Собрание сих сочинений
(изданных в Москве, 1810) составлено из отдельных
пиэс, которые, как говорит г. Карамзин, были
написаны автором для чтения великих князей. Он
имел счастие преподавать им наставления в
российском языке, в нравственности и словесности
[32] [Ныне благополучно царствующему государю
императору и цесаревичу великому князю
Константину Павловичу.]. Желая начертать в юной
памяти исторические лица знаменитых мужей, а
особливо великих князей и царей русских, автор,
подобно Фонтенелю, заставляет разговаривать их
тени в царстве мертвых. Но французский писатель
гонялся единственно за остроумием: действующие
лица в его разговорах разрешают какую-нибудь
истину блестящими словами; они, кажется нам,
любуются сами тем, что сказали. Под пером
Фонтенеля нередко древние герои преображаются в
придворных Лудовикова времени и напоминают нам
живо учтивых пастухов того же автора, которым
недостает парика, манжет и красных каблуков,
чтобы шаркать в королевской передней, как
замечает Вольтер - не помню в котором месте. Здесь
совершенно тому противное: всякое лице говорит
приличным ему языком, и автор знакомит нас, как
будто невольно, с Руриком, с Карлом Великим, с
Кантемиром, с Горацием и пр. Он, как Фонтенель,
разрешает в маленькой драме своей какую-нибудь
истину или политическую, или нравственную; но
жертвует ей ничтожными выгодами остроумия и,
если смею сказать, скрывается за действующее
лице. - Например, желая сказать, что истинное
богопочитание неразлучно с человеколюбием, он
заставляет разговаривать Игоря и Ольгу, которая
была жестокою по добродетели и действовала по
ложным понятиям воспитания и народных нравов. В
другом разговоре он выводит на сцену Карла
Великого и Владимира, имея в виду следующее
предложение: "Слава добрых государей никогда
не погибает, и беспристрастный глас истории,
отделяя от них некоторые легкие несовершенства
человечества, представляют добродетели их для
подражания потомству". И так далее.
Сии разговоры и письма
обитателя предместия могут заменить в руках
наставников лучшие произведения иностранных
писателей. В них моральные истины изложены с
такою ясностию, с таким добродушием, облечены в
столь приятные формы слога, что самая
разборчивая критика увенчает их похвалами. Нас
лучше удостоверят примеры. Возьмем их наудачу из
писем. Сочинитель, удаленный от городского шума,
в приятном сельском убежище - "на берегах
светлого ручья, по которым разбросано несколько
кустов орешника", - пишет к своему приятелю о
различных предметах, его окружающих; веселится
сельскими картинами, мирным счастием полей и
человеком, обитающим посреди чудес первобытной
природы. Часто облако задумчивости осеняет его
душу; часто углубляется он в самого себя и
извлекает истины, всегда утешительные, из
собственного своего сердца. Тихая, простая, но
веселая философия, неразлучная подруга
прекрасной, образованной души, исполненной любви
и доброжелания ко всему человечеству, с
неизъяснимой прелестью дышит в сих письмах.

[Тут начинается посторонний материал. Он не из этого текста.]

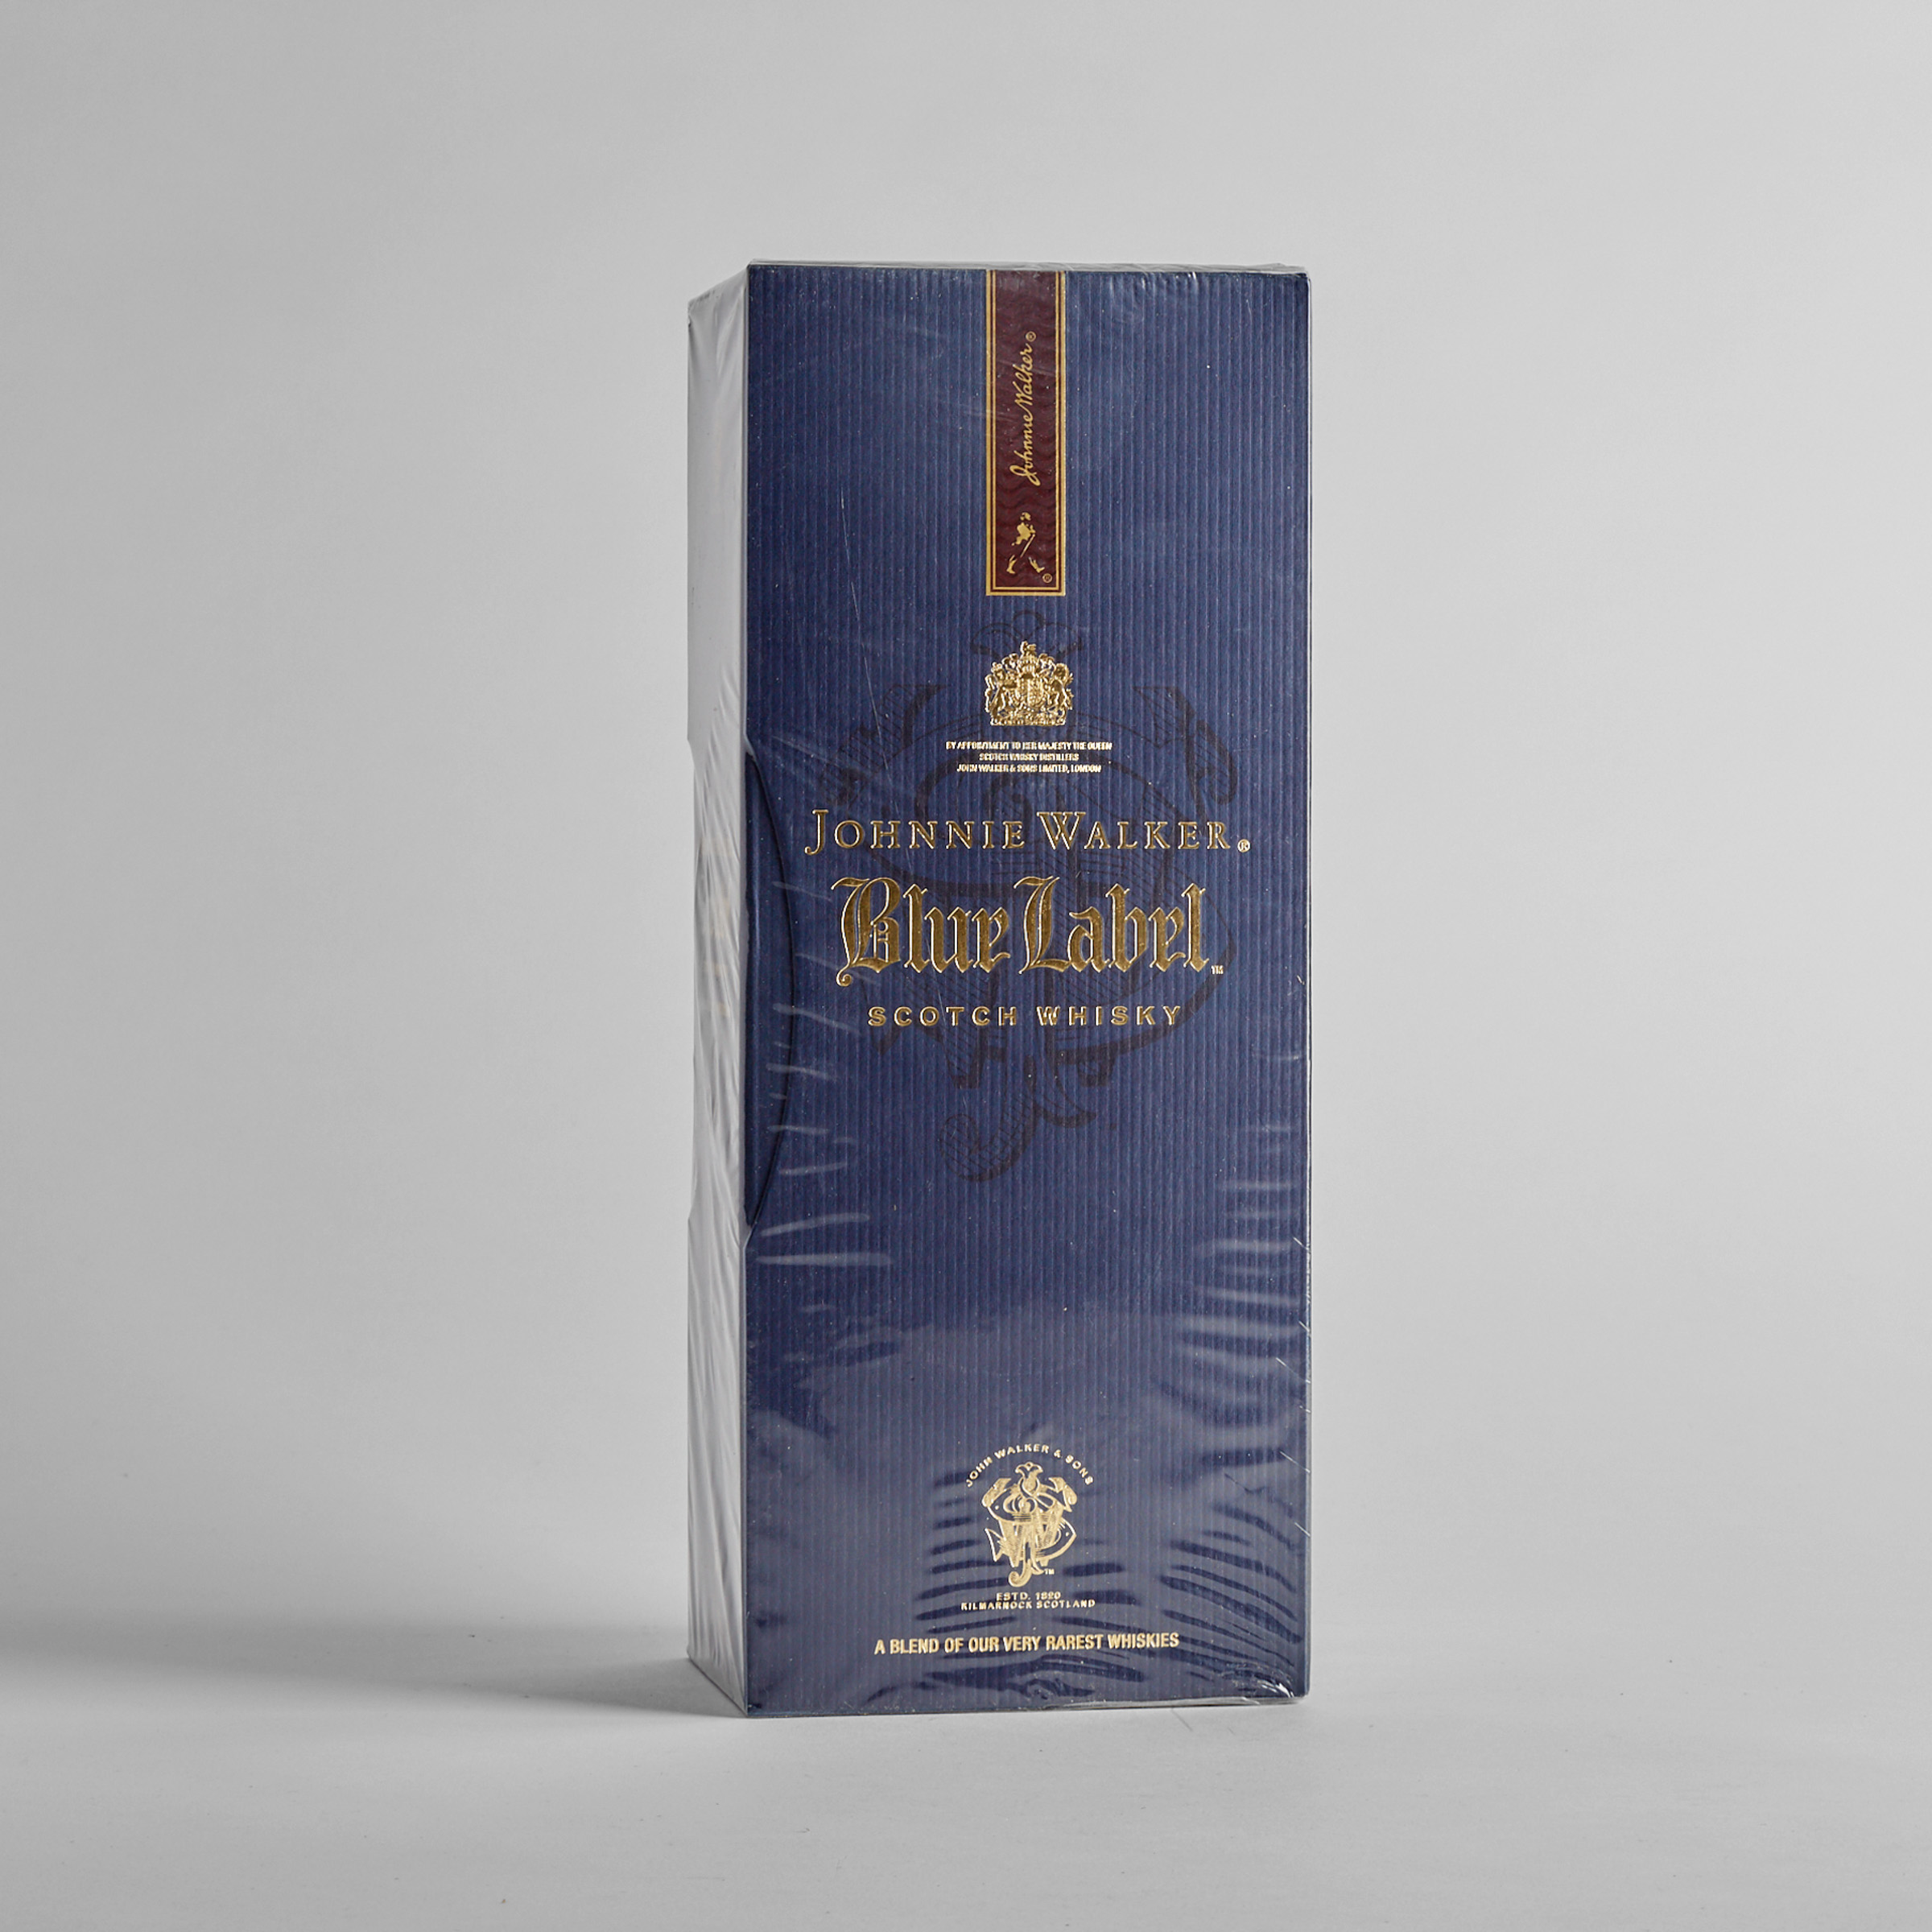 JOHNNIE WALKER BLUE LABEL BLENDED SCOTCH WHISKY NAS (ONE 750 ML)

"Никакое неприятное воспоминание не отравляет
моего уединения (здесь видна вся душа автора):
чувствую сердце мое способным к добродетели; оно
бьется с сладостною чувствительностию при
едином помышлении о каком-нибудь деле
благотворительности и великодушия. Имею
благородную надежду, что, будучи поставлен между
добродетели и несчастия, изберу лучше смерть,
нежели злодейство. И кто в свете счастливее
смертного, который справедливым образом может
чтить самого себя?" - Прекрасные, золотые
строки! Кто, кто не желал бы написать их в
излиянии сердечном? - Потом, описав сладостные
занятия любителя муз в тихом кабинете, наш автор
прибавляет: "И после того есть еще люди,
которые ищут благополучия в рассеянии, в
многолюдстве, далеко от домашних богов своих! -
Какое счастие отереть слезы невинно
страждующего, оказать услугу маломощному,
облегчить зависимость подчиненных? Но что я
скажу о дружбе? Чувствовать себя в другом,
разуметь друг друга столь искренно, столь скоро,
при едином слове, при едином взоре? - Кто называет
дружбу, называет добродетель". - Сии строки, и
многие другие, напоминают нам Монтаня, там, где
он, предаваясь счастливому излиянию своего
сердца, говорил о незабвенном своем Лабоесе [33] [Si
on me presse de dire, pourquoi je 1'aimais, je sents que cela ne se peut exprimer qu'en
repondant: parceque c'etoit lui, parceque c'etoit moi. Монтань. <Если
меня понуждают сказать, почему я его любил, я
чувствую, что это можно выразить, только ответив:
потому что это был он, потому что это был я
(фр.).>]. Тон иных писем важнее - но нравственная
цель всегда одинакова. Признаюсь вам, милостивый
государь, я не могу удержаться от удовольствия
выписывать; притом это единственный и лучший
способ показать красоты сочинения и дать ясное
понятие об авторе. "Тихий вечер оканчивал
знойный день. Солнце, величественнее и медленнее
на конце пути своего, покоилося за мгновение пред
закатом на крайних горах горизонта, а я
прогуливался на крутом береге Волги с
добродетельным другом юности моей, с кротким
моим наставником. Власы главы его белели уже от
хлада старости; весна жизни моей не расцветала
еще совершенно. Мы касались оба противуположных
крайностей века. Но дружба его и опытность
сокращали расстояние, которое разделяло нас, и
часто, позабываясь, мнил я видеть в нем старшего и
благоразумного товарища. Будучи важнее
обыкновенного в тот вечер, он говорил мне: - Сын
мой! - сим именем любви я одолжен был нежности
сердца его, - озирая холмы сии, одеваемые небесною
лазурью, поля, жатвы и напояющие их струи, не
чувствуешь ли в сердце твоем благополучия?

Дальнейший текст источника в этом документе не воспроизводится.